We were staying in Grand Bay in the north west of the island.  The local dive centre, Diving World, operates a few franchises out of various hotels – Scubapro kit and steel cylinders available in abundance.  Our first dive was out to a purposely-sunken Japanese trawler called Stella Maru, which had formed an artificial reef.  In a depth of 25m, it was a wonderful feeling on the descent.  Viz of 30m+ and an abundance of colour and sea life.  This included Surgeonfish, Electric Rays, Stonefish and a cacophony of Sgt Majors!  The wreck itself is intact and sits upright next to a few banks of coral.  A wonderful start!

We did 2 more dives called “The Crater” and “Coral Garden” where I was absolutely bowled over by the colours and overall visibility.  This was only the second warm water trip I had done, and loved every minute of the experience.  An octopus gave us a demonstration of how to avoid divers and guides in a cloud of ink, and I even found Nemo!!  The Coral Garden was exceptional.  We were adopted by a Titan Trigger fish who followed us around for the entire dive, and even saw a couple of Leaf Fish – both purple and gold varieties.  Stonefish and Lionfish were also in large numbers.

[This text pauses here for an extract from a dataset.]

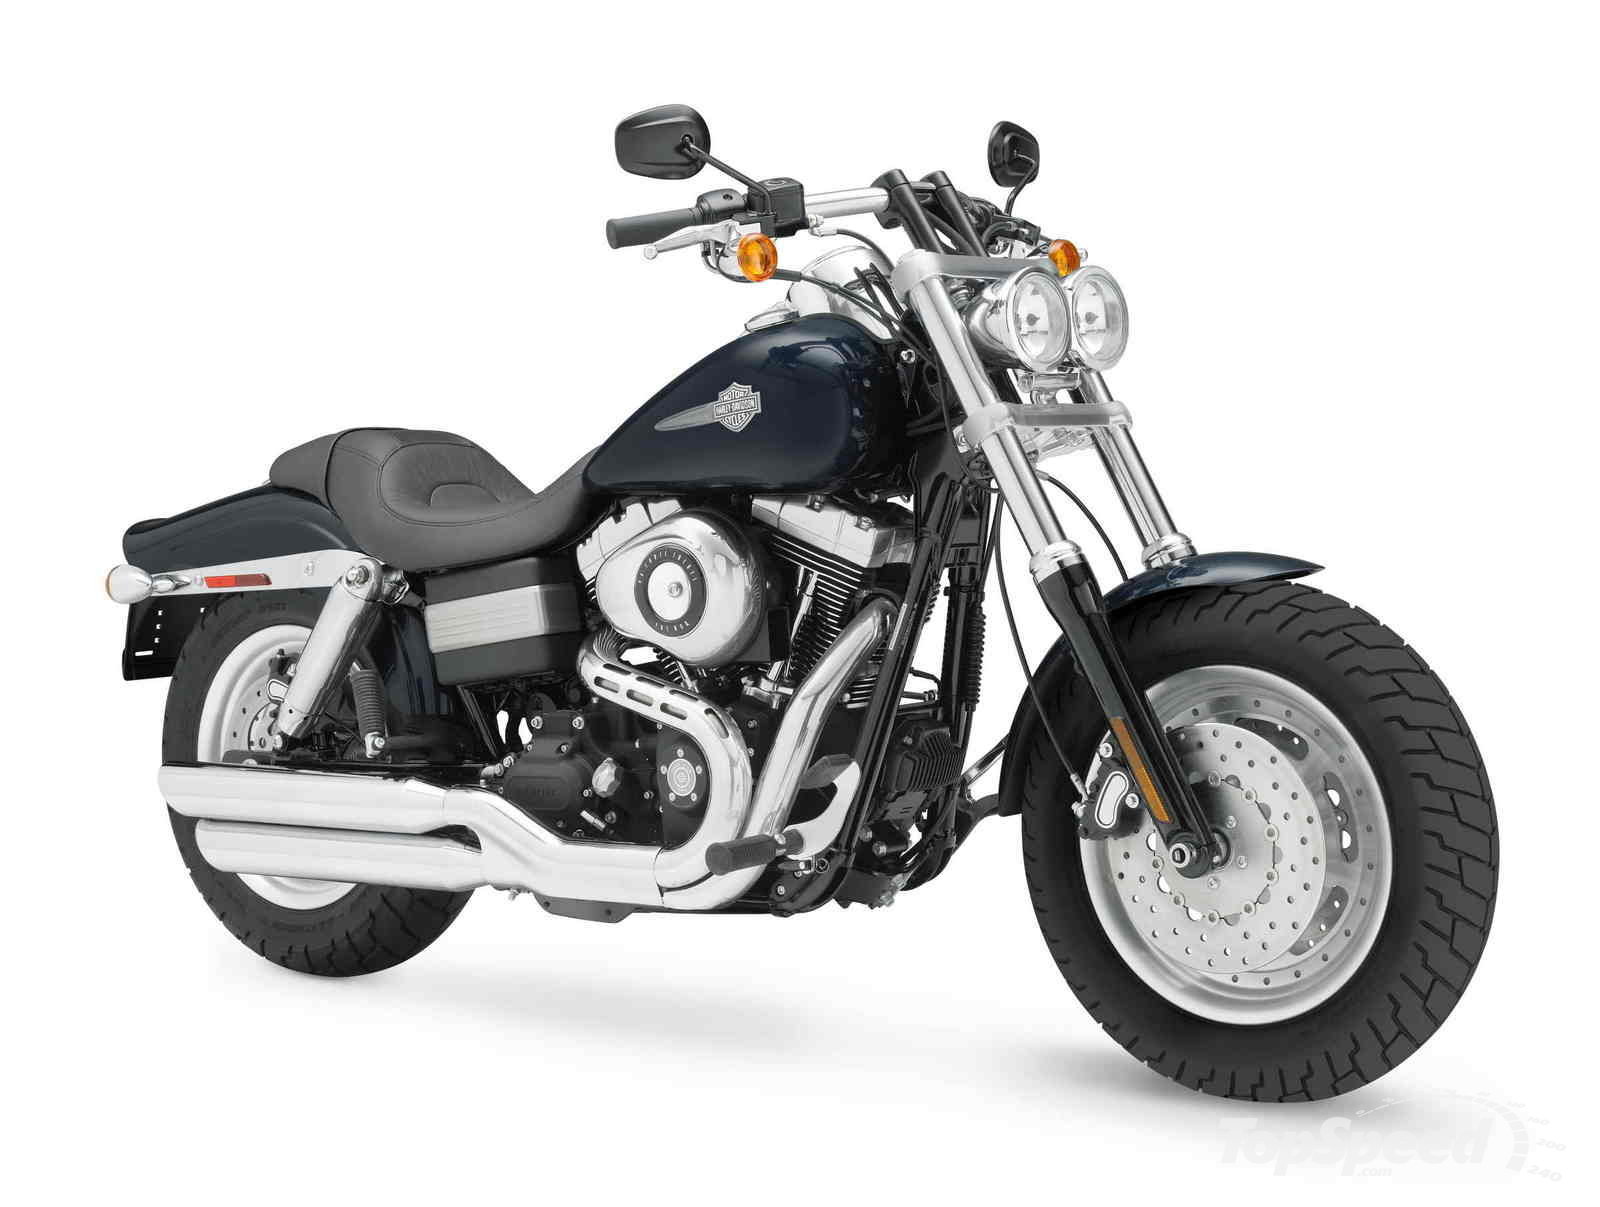 Harley Davidson Softail Custom Specifications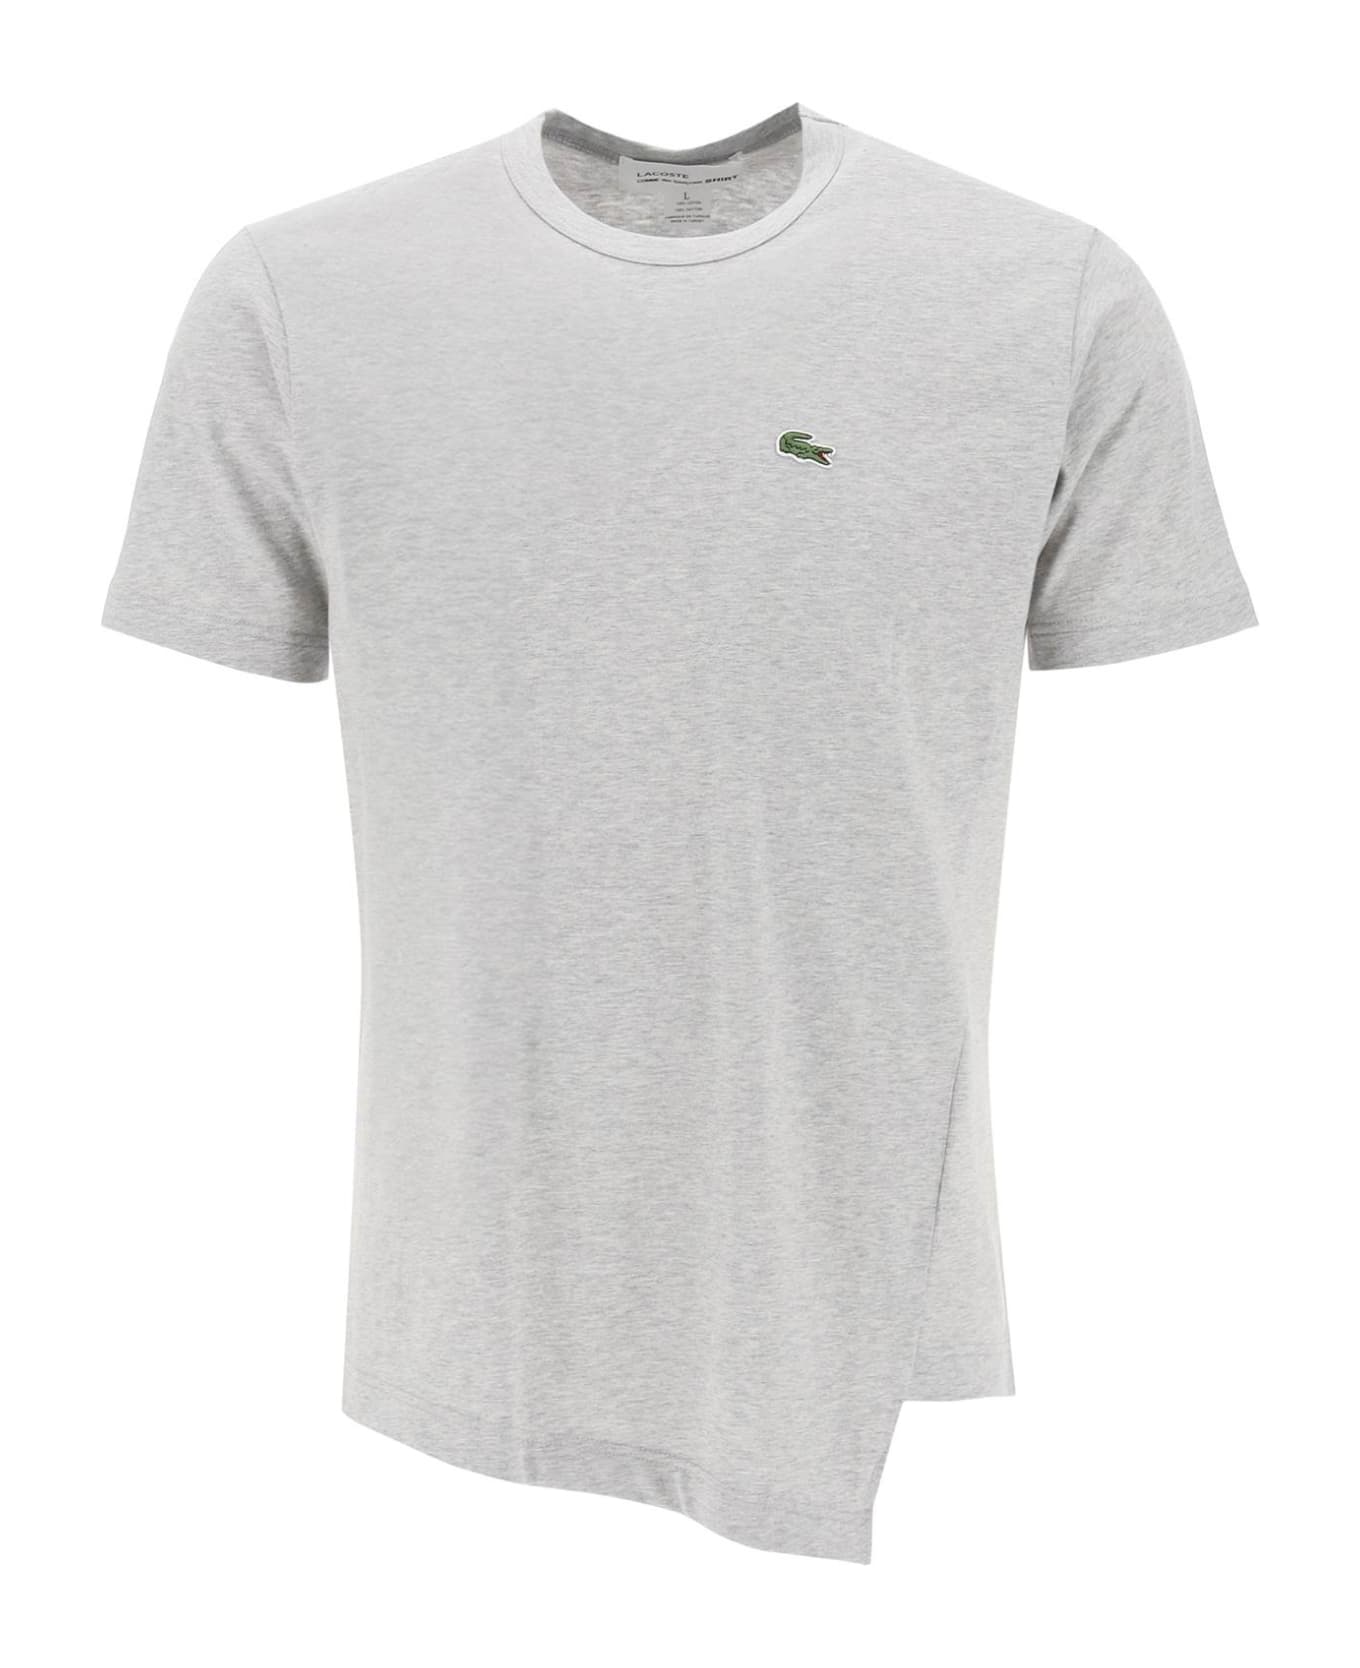 Comme des Garçons Shirt X Lacoste Asymmetrical T-shirt - TOP GREY (Grey)

We dived off 2 wrecks in close proximity, “Emily” and “Water Lily”, but were not allowed to go into the hold of the more intact ship.  The guide was polite but forceful on this point.  On looking inside, it was easy to see why – 3 different types of Moray Eel had taken up residence in the different corners.  The day was finished off at Holt’s Rock, another scenic area.  Plenty of Parrotfish, the odd Blue Triggerfish and again Butterfly fish, Clownfish, Bigeyes and Morays underneath the coral beds.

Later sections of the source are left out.